Dad walked back into the room at that point, with what he thought was a good idea. He tried to persuade Mum and Corinne to do the drive first thing in the morning instead—“It’s 10:43 at night. You can’t set off now!”—but Mum said she wouldn’t be able to sleep in any case; the buzz inside her, from knowing what she was about to do and sensing that victory was inching closer, was too strong. “I want to be there at 6:00 a.m., not setting off then.”
“We’ll be there long before six if we leave now,” said Corinne. “We’ll get to Swaffham Tilney before 1:00 a.m. if there are no road closures or diversions. Maybe we can get some sleep at my house, or yours, before you—”
“No,” said Mum. “If we’re there at one, then I’ll wake the Gaveys up at one.”
“Sal, you can’t do that.”
“Oh, I can, Mark.”
“But I mean…you’re not honestly going to wake people up in the middle of the night, are you? Corinne, can you talk some sense into her?”

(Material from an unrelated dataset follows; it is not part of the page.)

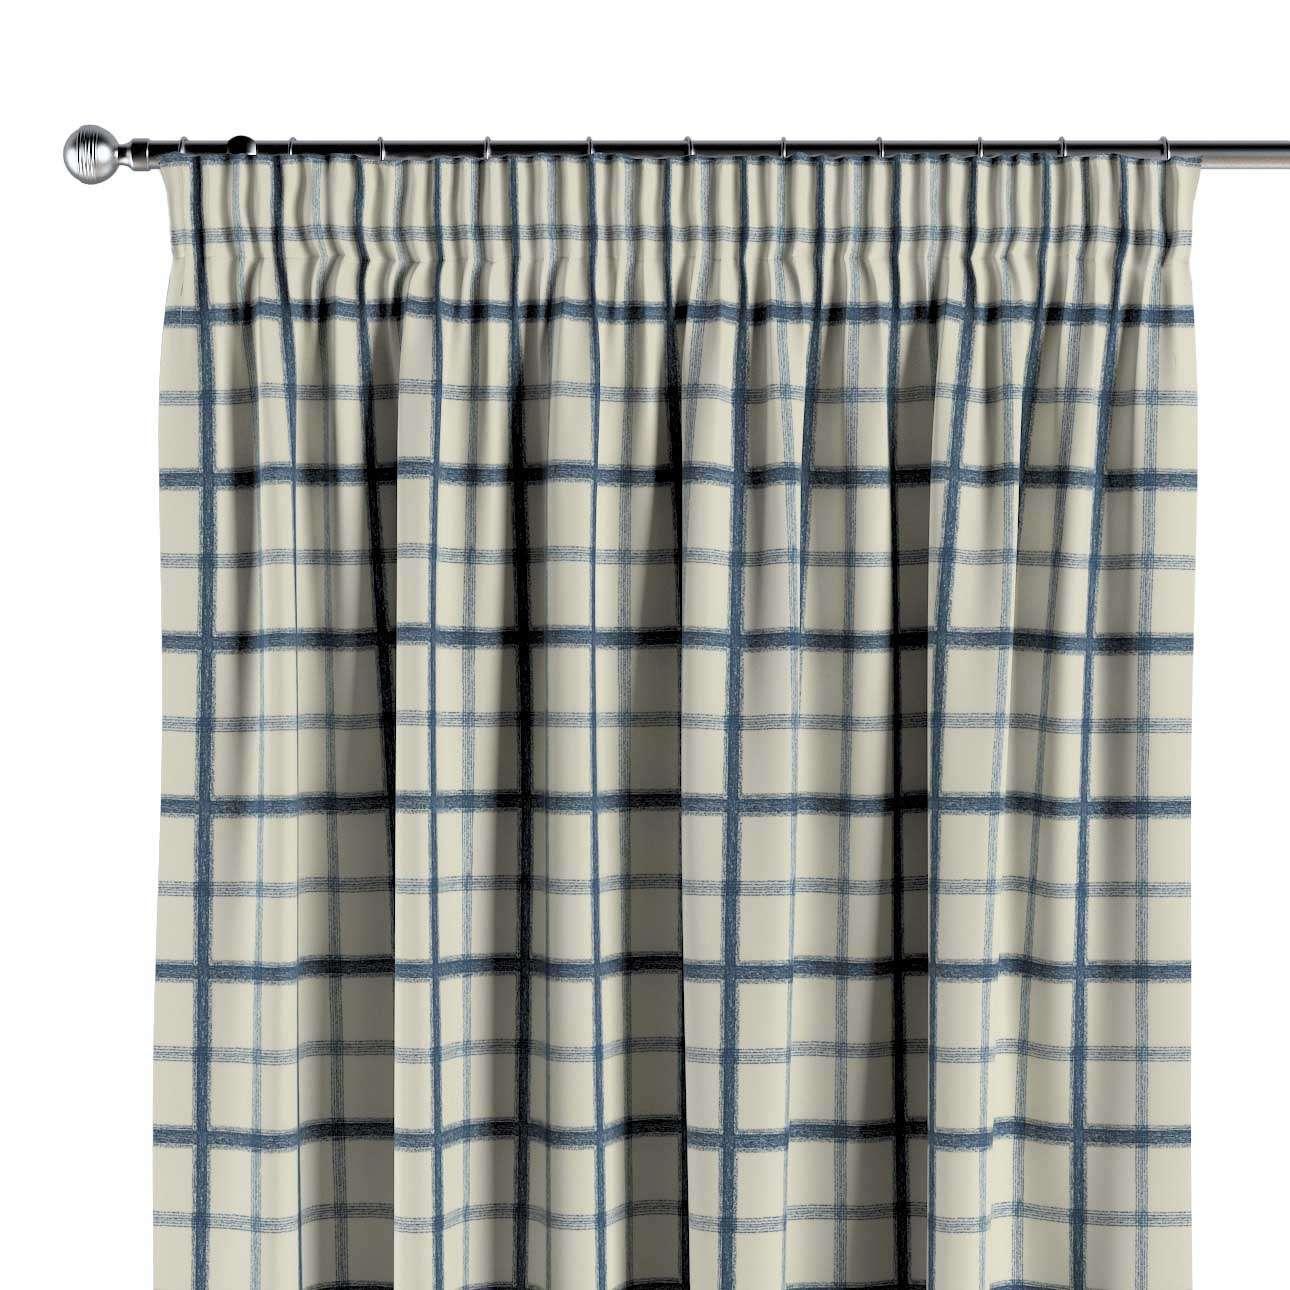 Pencil pleat curtain in collection Avinon, fabric: 131-66

“No, and I’m not sure I want to,” Corinne said. Everyone but Dad was experiencing a warm inner glow as they imagined the Gaveys being woken up at one in the morning.
As it turned out, there was some nocturnal faffing of the motorway-construction kind going on, which meant a diversion off the M25 via, of all places, Abbots Langley, where I chose Ricky as my star word all those years ago. Corinne swore and grumbled, butI was thrilled. I knew what it meant, you see. What greater clue could there have been that our mission was blessed and destined to succeed? (Praise Ricky, Thank Ricky.)